Kireeva Natalia V, Ovchinnikova Svetlana I, Kuznetsov Sergey L, Kazennov Andrey M, Tsivadze Aslan Yu
Frumkin Institute of Physical Chemistry and Electrochemistry RAS, Leninsky Prospect, 31a, 119071, Moscow, Russia,
J Comput Aided Mol Des. 2014 Feb;28(2):61-73. doi: 10.1007/s10822-014-9719-1. Epub 2014 Feb 4.
This study concerns large margin nearest neighbors classifier and its multi-metric extension as the efficient approaches for metric learning which aimed to learn an appropriate distance/similarity function for considered case studies. In recent years, many studies in data mining and pattern recognition have demonstrated that a learned metric can significantly improve the performance in classification, clustering and retrieval tasks. The paper describes application of the metric learning approach to in silico assessment of chemical liabilities. Chemical liabilities, such as adverse effects and toxicity, play a significant role in drug discovery process, in silico assessment of chemical liabilities is an important step aimed to reduce costs and animal testing by complementing or replacing in vitro and in vivo experiments. Here, to our knowledge for the first time, a distance-based metric learning procedures have been applied for in silico assessment of chemical liabilities, the impact of metric learning on structure-activity landscapes and predictive performance of developed models has been analyzed, the learned metric was used in support vector machines. The metric learning results have been illustrated using linear and non-linear data visualization techniques in order to indicate how the change of metrics affected nearest neighbors relations and descriptor space.

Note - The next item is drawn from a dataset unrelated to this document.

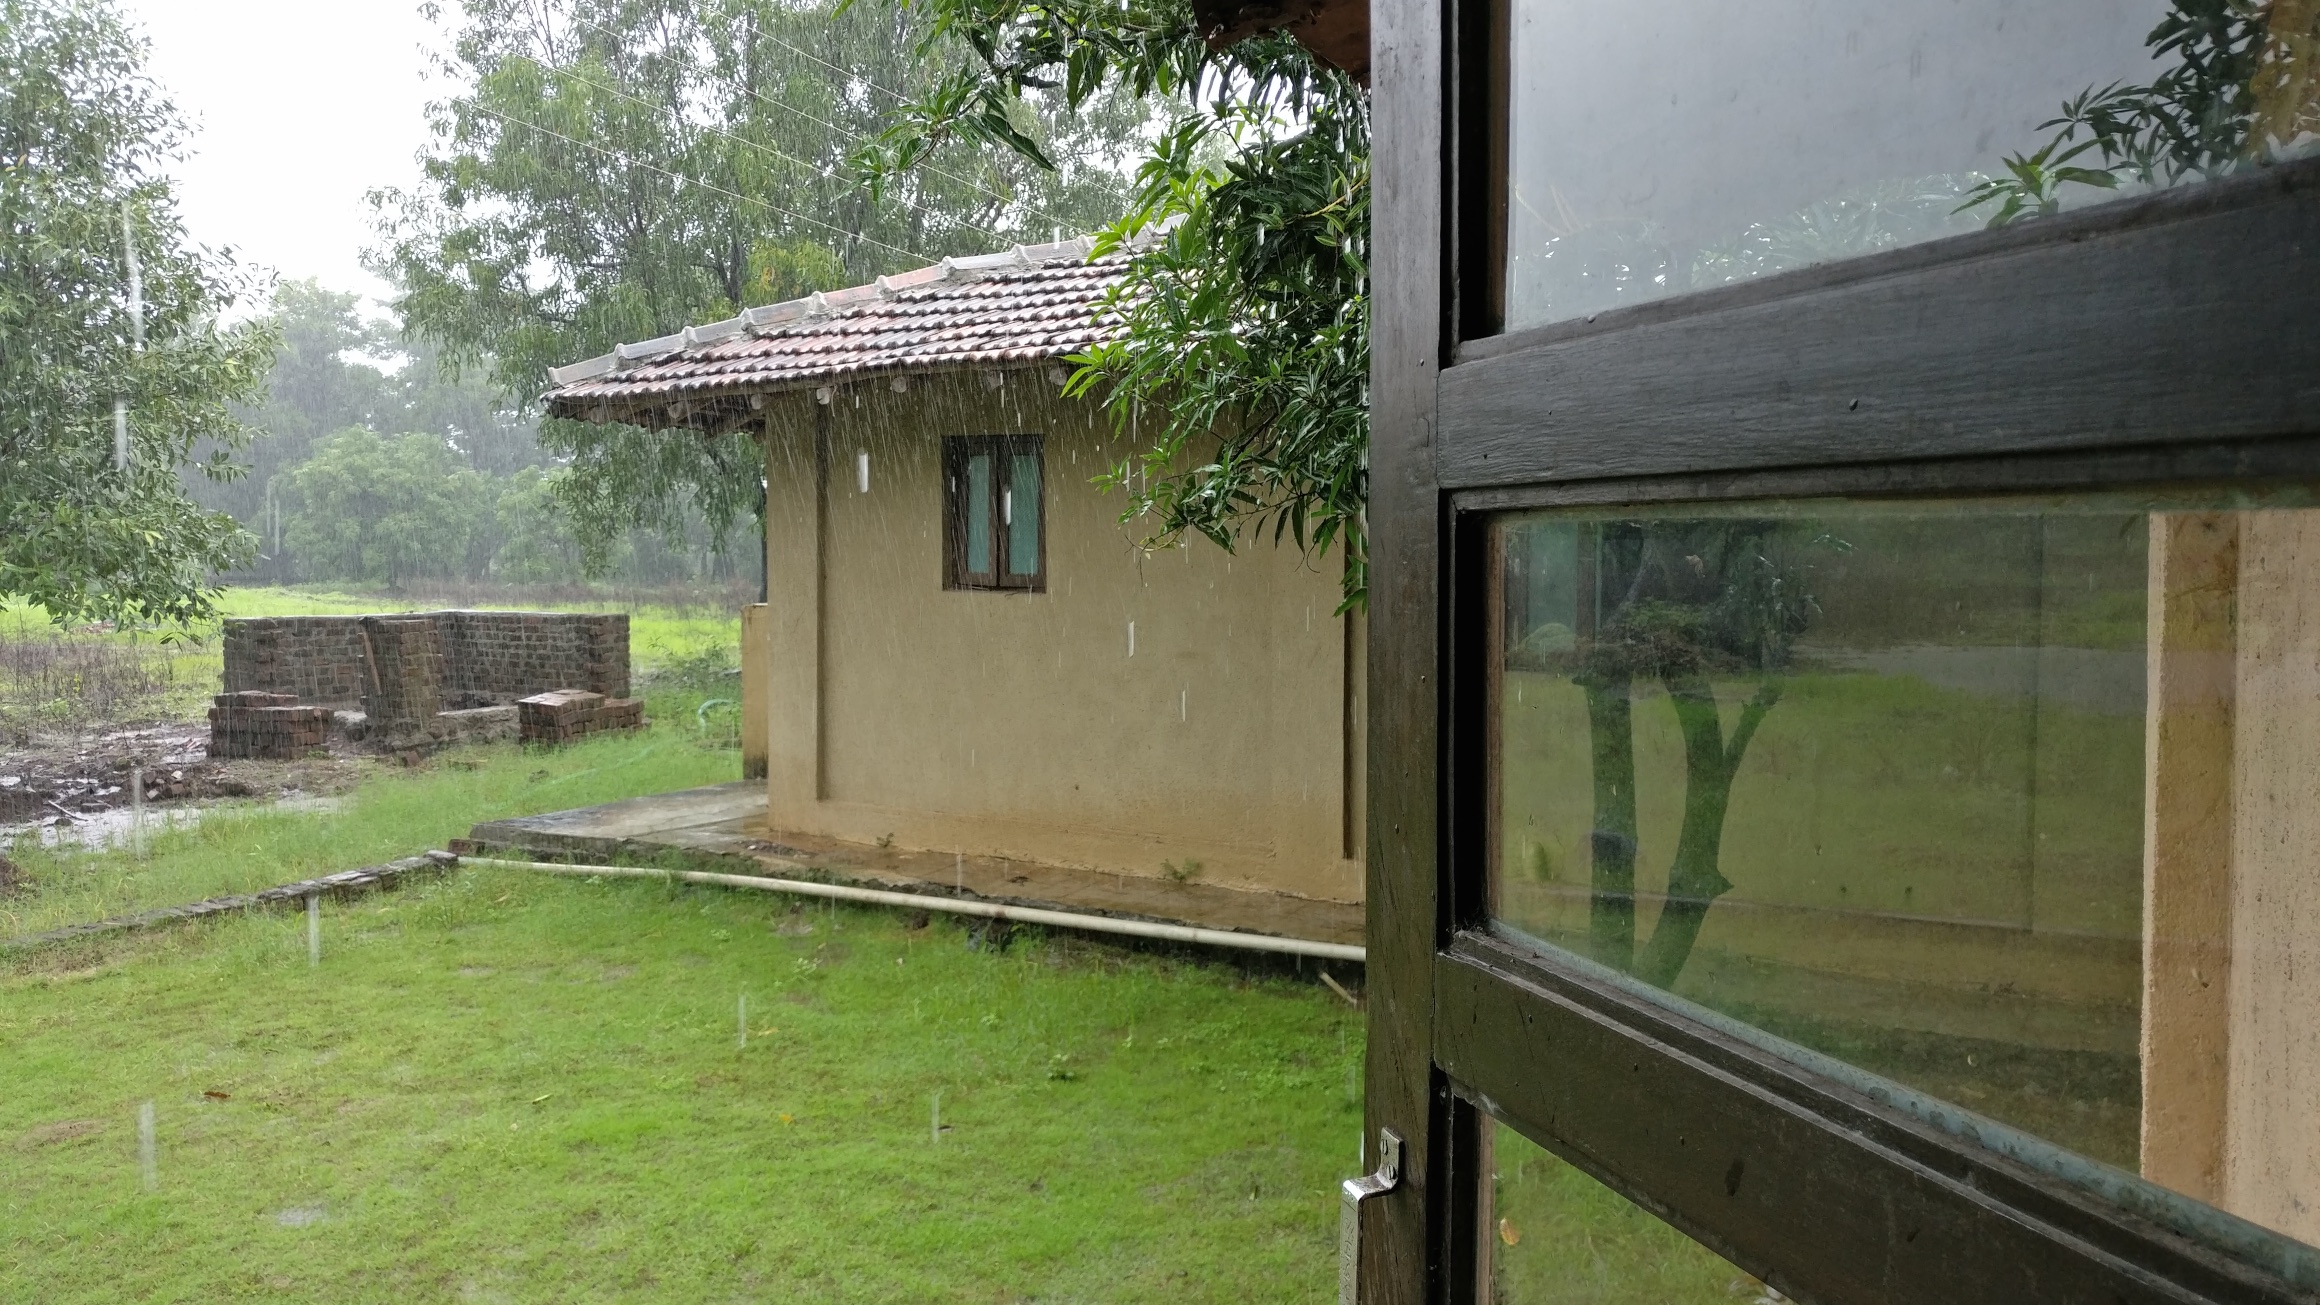 If you believe that sometimes simple is the new beautiful, than you must visit Mango Huts at Pali, Khopoli near Imagica

本研究关注大间隔最近邻分类器及其多度量扩展,将其作为度量学习的有效方法,旨在为所考虑的案例研究学习合适的距离/相似性函数。近年来,数据挖掘和模式识别领域的许多研究表明,学习到的度量可以显著提高分类、聚类和检索任务的性能。本文描述了度量学习方法在化学性质的计算机模拟评估中的应用。化学性质,如不良反应和毒性,在药物发现过程中起着重要作用,化学性质的计算机模拟评估是通过补充或替代体外和体内实验来降低成本和动物试验的重要步骤。在此,据我们所知,基于距离的度量学习程序首次应用于化学性质的计算机模拟评估,分析了度量学习对构效关系图谱和所开发模型预测性能的影响,并将学习到的度量用于支持向量机。使用线性和非线性数据可视化技术展示了度量学习结果,以表明度量的变化如何影响最近邻关系和描述符空间。